The lexer reads bytes straight from #src with :ld8, comparing against ASCII codes — no string library required. Token discriminants are validated by sigil/runes/lex/test.sh against symc0 --dump-tokens on the full corpus.


4. Parser + IR lowering (parse/ + sigil/runes/ir/src/main.sym)

The parser is a Pratt parser: :cnud handles a primary (literal, register, cell, call, parenthesised group, unary), then :cexp consumes following infix operators at sufficient binding power. Binding powers reproduce the reference compiler's precedence table, so 2 + 3 ++ 4 parses as 2 + (3 ++ 4).

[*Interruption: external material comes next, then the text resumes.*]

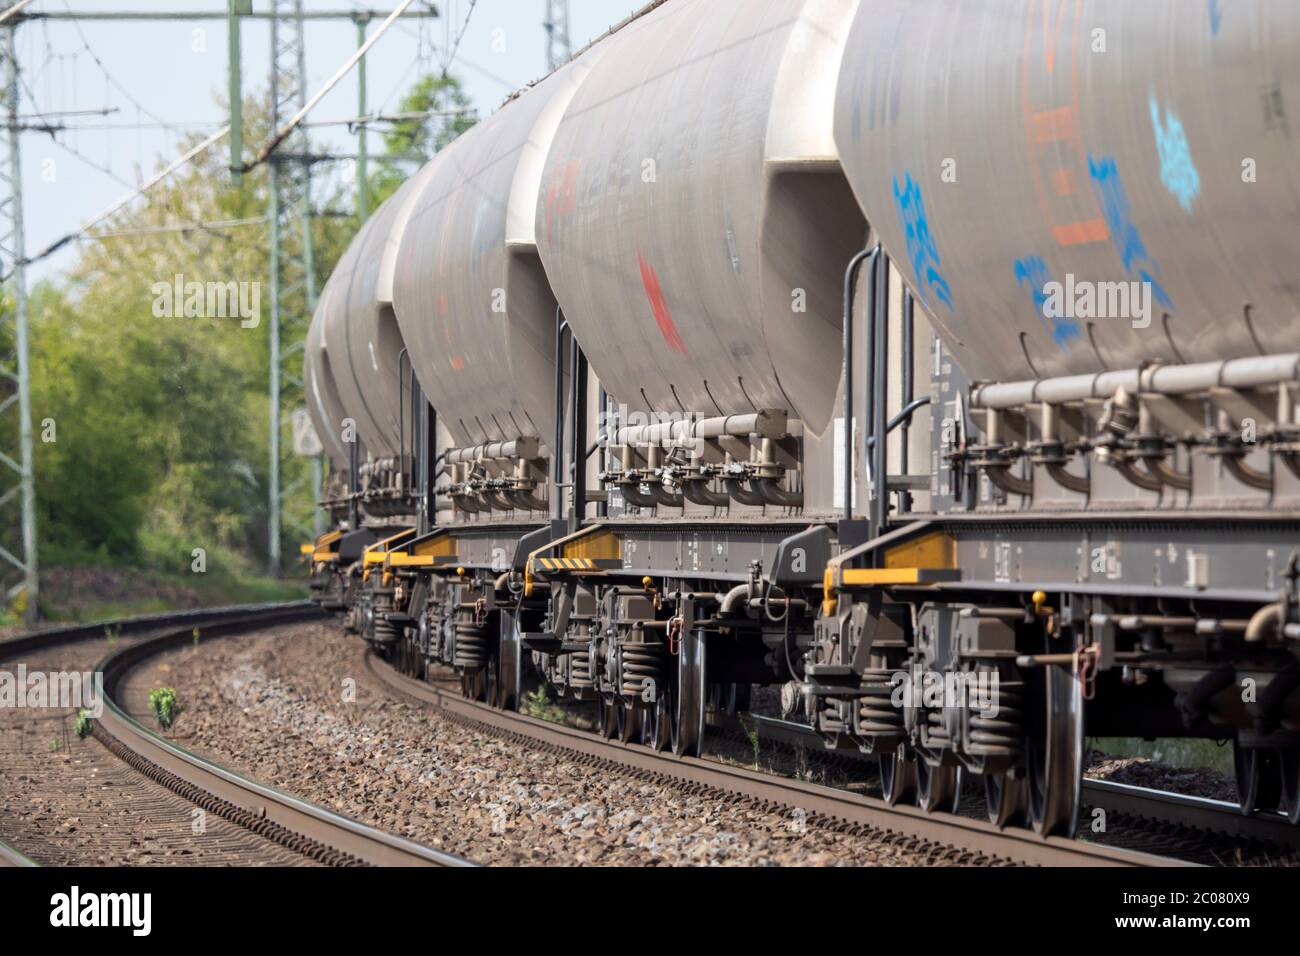 Schienengüterverkehr sichert die Versorgung in der Coronakrise. Köln, 16.04.2020 Foto Stock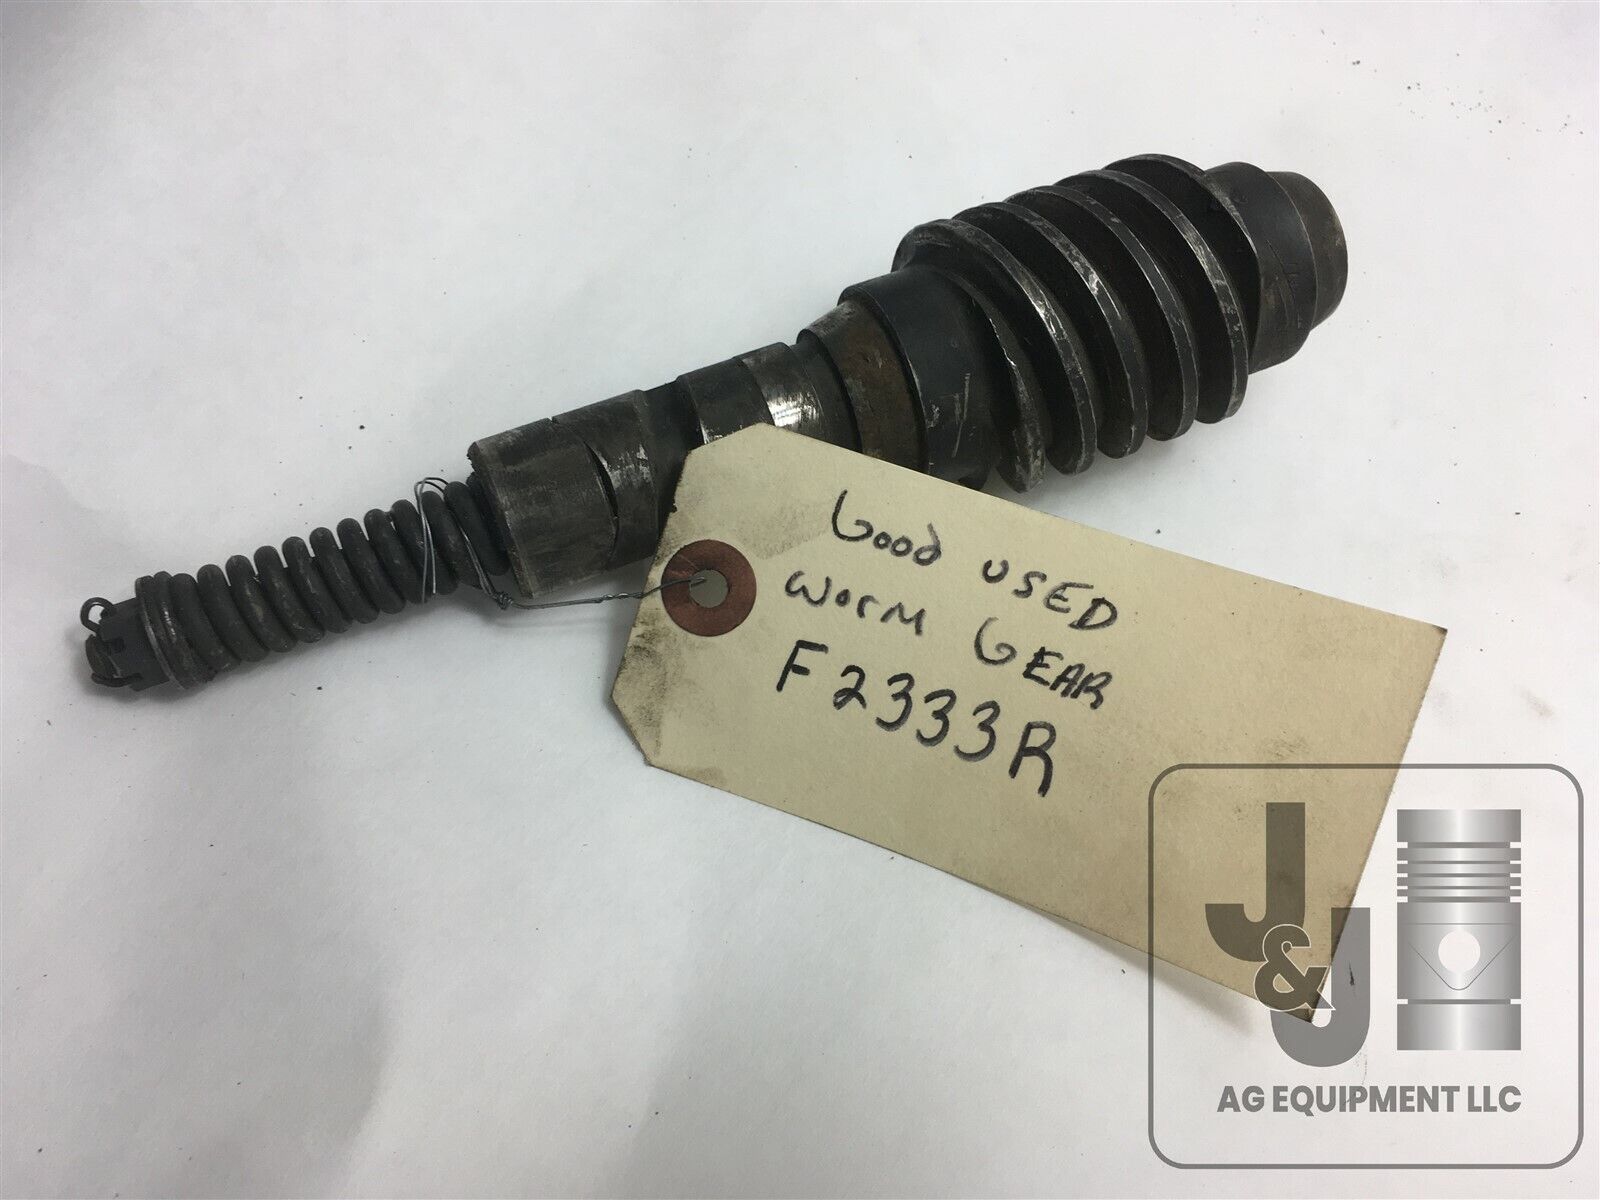 Genuine Used John Deere Power Steering Worm Gear F2333R 50 520 60 70 720

The IR lowering in sigil/runes/ir/src/main.sym is syntax-directed: it reuses the parser's expression cursor and lowers directly to VReg/label IR as it parses, matching symc0's allocation order exactly. This is validated construct-by- construct against symc0 --dump-ir on 146 test programs by sigil/runes/ir/test.sh.


5. Code generation (sigil/runes/back/src/main.sym)

The backend:

  1. Runs a linear-scan register allocator over the VReg IR.
  2. Encodes each instruction to raw bytes for the selected target (#tgt 0–12): x64 (Linux/macOS/Windows/UEFI/FreeBSD), AArch64 (Linux/macOS/iOS/Android), RISC-V 64, LoongArch64, WebAssembly, SPIR-V.
  3. Bakes in a tiny runtime (bump-pointer heap allocator, I/O, integer printing, integer power) so the output is a fully self-contained static binary — no libc, no linker.
  4. Writes the object format header (ELF / Mach-O / PE / wasm module) and resolves relocations.

6. Reproduce it yourself

bash install.sh              # builds the full bootstrap chain; asserts s2 == s3
source ~/.symbolic/env
symc < sigil/runes/symc/src/main.sym > /tmp/symc_repro && chmod +x /tmp/symc_repro
cmp /tmp/symc_repro ~/.symbolic/bin/symc && echo "fixpoint OK"

cargo test -p symc0 --test bootstrap   # the same check as a Rust test

Then open sigil/runes/symc/src/main.sym and read it — it is, by construction, a program you already know how to read.